Alex McAfee

Personal information
- Nationality: British (Northern Irish)
- Born: Northern Ireland

Sport
- Sport: Weightlifting
- Event: Middleweight
- Club: St Gabriel's WC, Belfast

= Alex McAfee =

Northern Irish weightlifter

Alexander McAfee is a former weightlifter from Northern Ireland, who represented Northern Ireland at three Commonwealth Games.

== Biography ==
McAfee was a member of the St Gabriel's Weigthlifting Club in Belfast, whih was started by his brother Tommy McAfee, who was also a prominent weightlifter.

McAfee represented the 1966 Northern Irish Team at the 1966 British Empire and Commonwealth Games in Kingston, Jamaica, participating in the 75kg middleweight category.
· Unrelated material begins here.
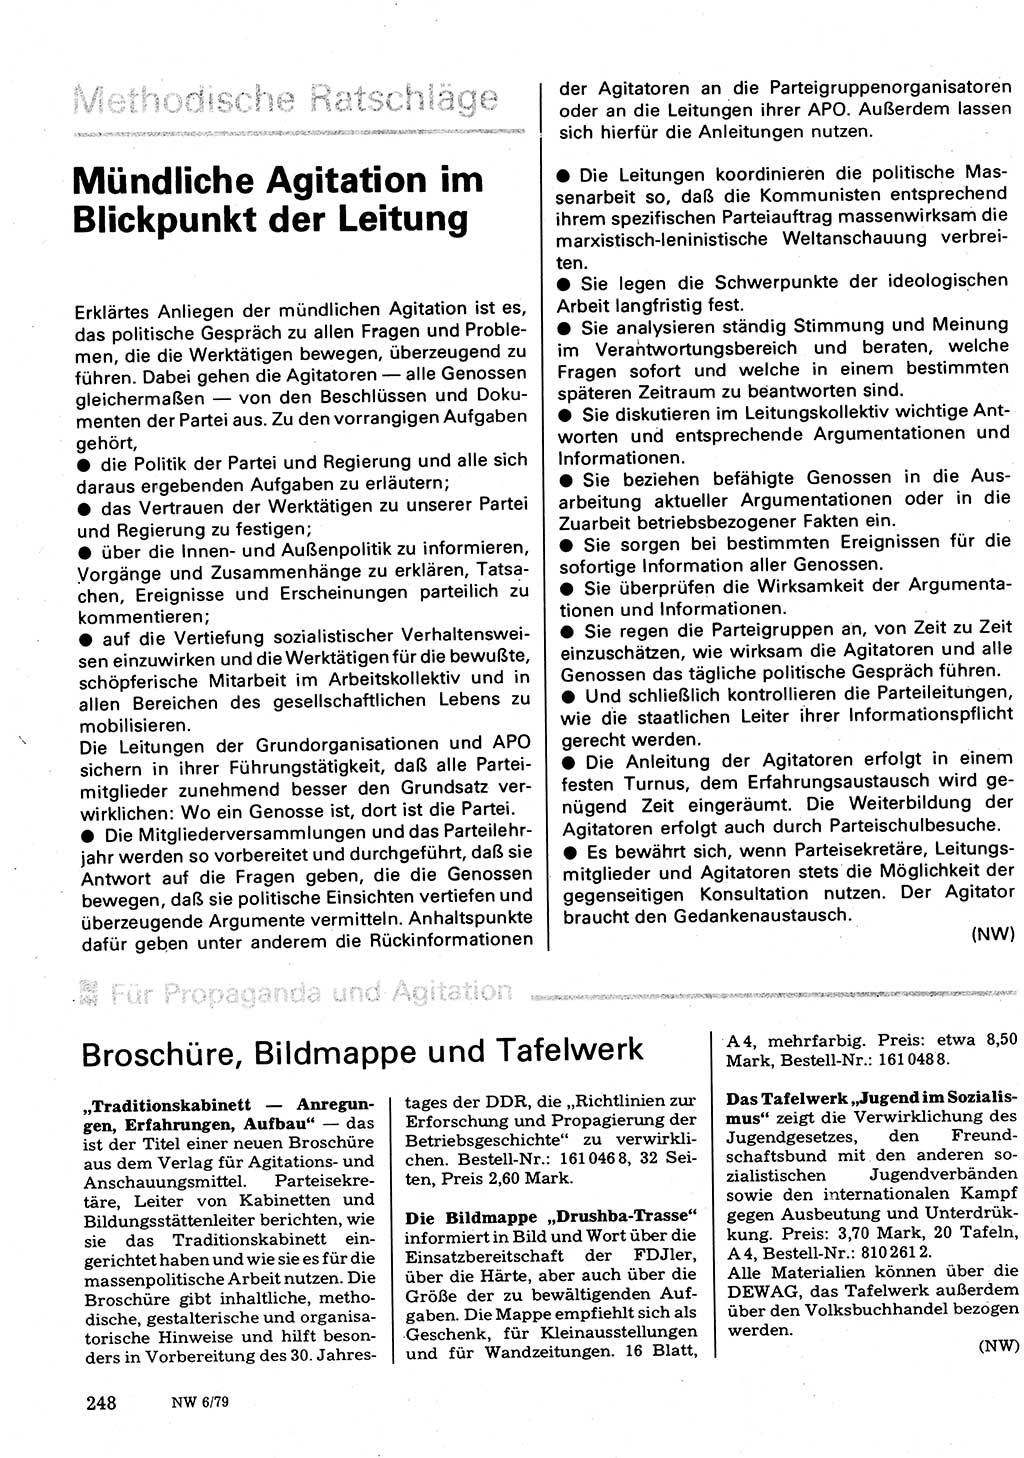 Neuer Weg (NW), Organ des Zentralkomitees (ZK) der SED (Sozialistische Einheitspartei Deutschlands) für Fragen des Parteilebens, 34. Jahrgang [Deutsche Demokratische Republik (DDR)] 1979, Seite 248 (NW ZK SED DDR 1979, S. 248)

By 1970, Alex had stepped up in weight category, lifting in the light-heavyweight class.

He went to his second Commonwealth Games in 1970, as part of the 1970 Northern Irish Team in Edinburgh, Scotland. He won the Ulster title in 1970 and the Irish national title in 1973.

Both brothers competed at the 1974 British Commonwealth Games but upset the authorities when leaving the team camp without permission for the weekend. The incident led to a two-year ban for the brothers.